All research

Genome assembly

Assembling the first gapless Han Chinese genome

Paper News Blog

Reference genomes shape every downstream analysis — variant calling, expression, association studies — yet they are built from only a handful of individuals. That bias quietly disadvantages anyone whose ancestry is under-represented. I’m interested in building complete, diverse references so that genomics works equally well across populations.

The problem

GRCh38, the workhorse human reference, is a mosaic of a few donors and still carries gaps and errors; the first truly complete genome, T2T-CHM13, comes from a single, near-homozygous hydatidiform-mole cell line. Neither represents the diversity of the largest ethnic group in the world — Han Chinese — and reads from such genomes map worse to a mismatched reference.

What I built

I assembled and annotated Han1, the first gapless, reference-quality, fully annotated genome from a Southern Han Chinese individual. It combines the accuracy of PacBio HiFi reads with the span of Oxford Nanopore ultra-long reads, using the T2T-CHM13 assembly as a guide to reach telomere-to-telomere completeness, followed by a full gene annotation.

Figure 1. Chromosome ideogram of the Han1 assembly across all 24 human chromosomes. Solid coloring marks contiguous, gapless sequence resolved with T2T-CHM13 as a guide; lighter bands indicate centromeric and satellite regions.
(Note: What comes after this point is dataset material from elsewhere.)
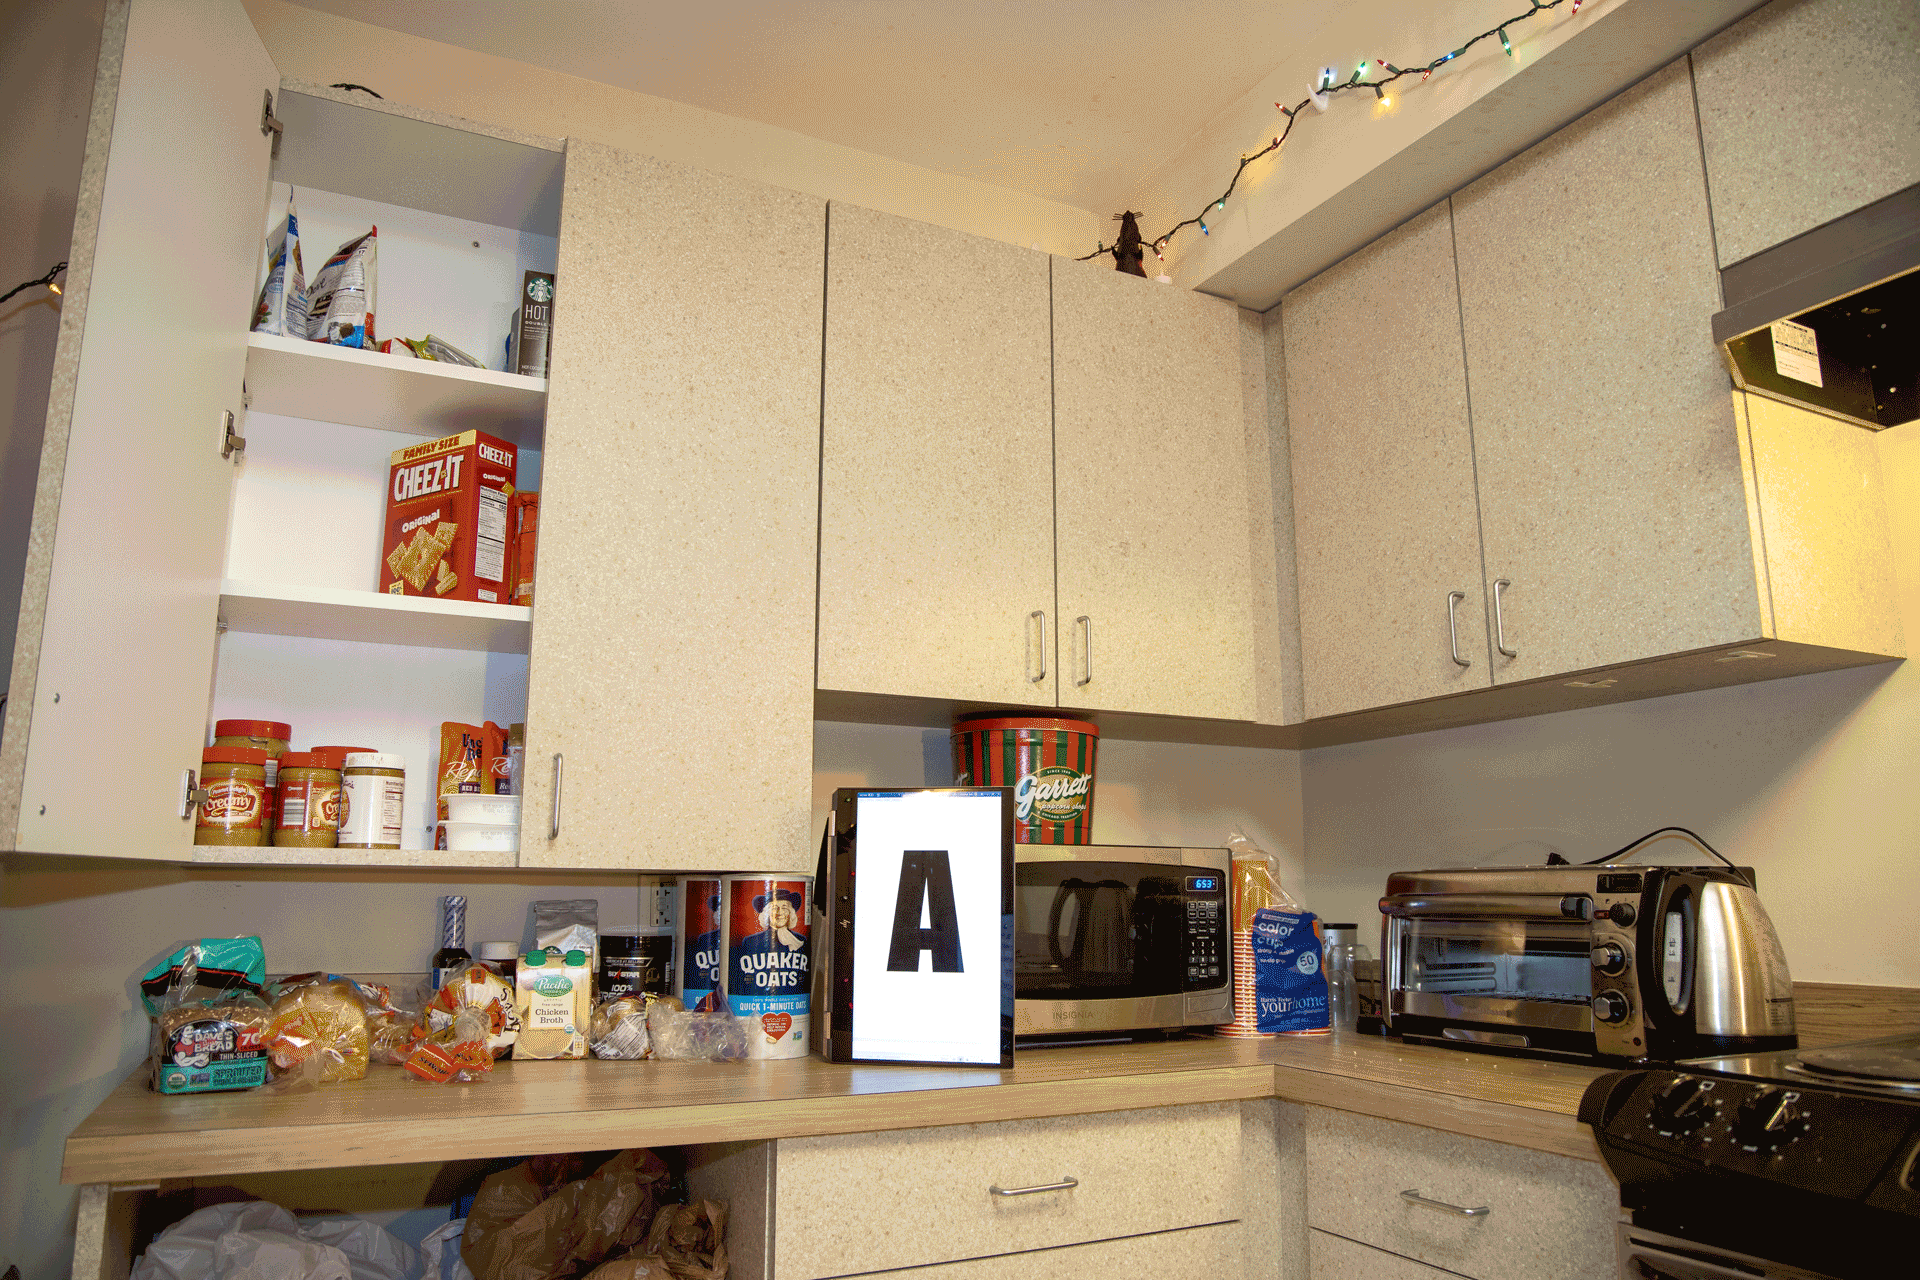 Depicts a kitchen, alternating which cabinet is open, with a computer display spelling out "ART???"

Chromosome ideogram of the gapless Han1 assembly across all 24 human chromosomes

What it showed

As Figure 1 shows, Han1 spans every chromosome end to end. The assembly surfaces population-specific sequence and structural variation absent from GRCh38, and reads from Han Chinese samples align more accurately to it — concrete evidence that an ancestry-matched, complete reference improves downstream analysis.

In brief: a gapless, fully annotated Han Chinese reference that helps close the diversity gap in human genomics. (G3: Genes, Genomes, Genetics, 2023; available on NCBI.)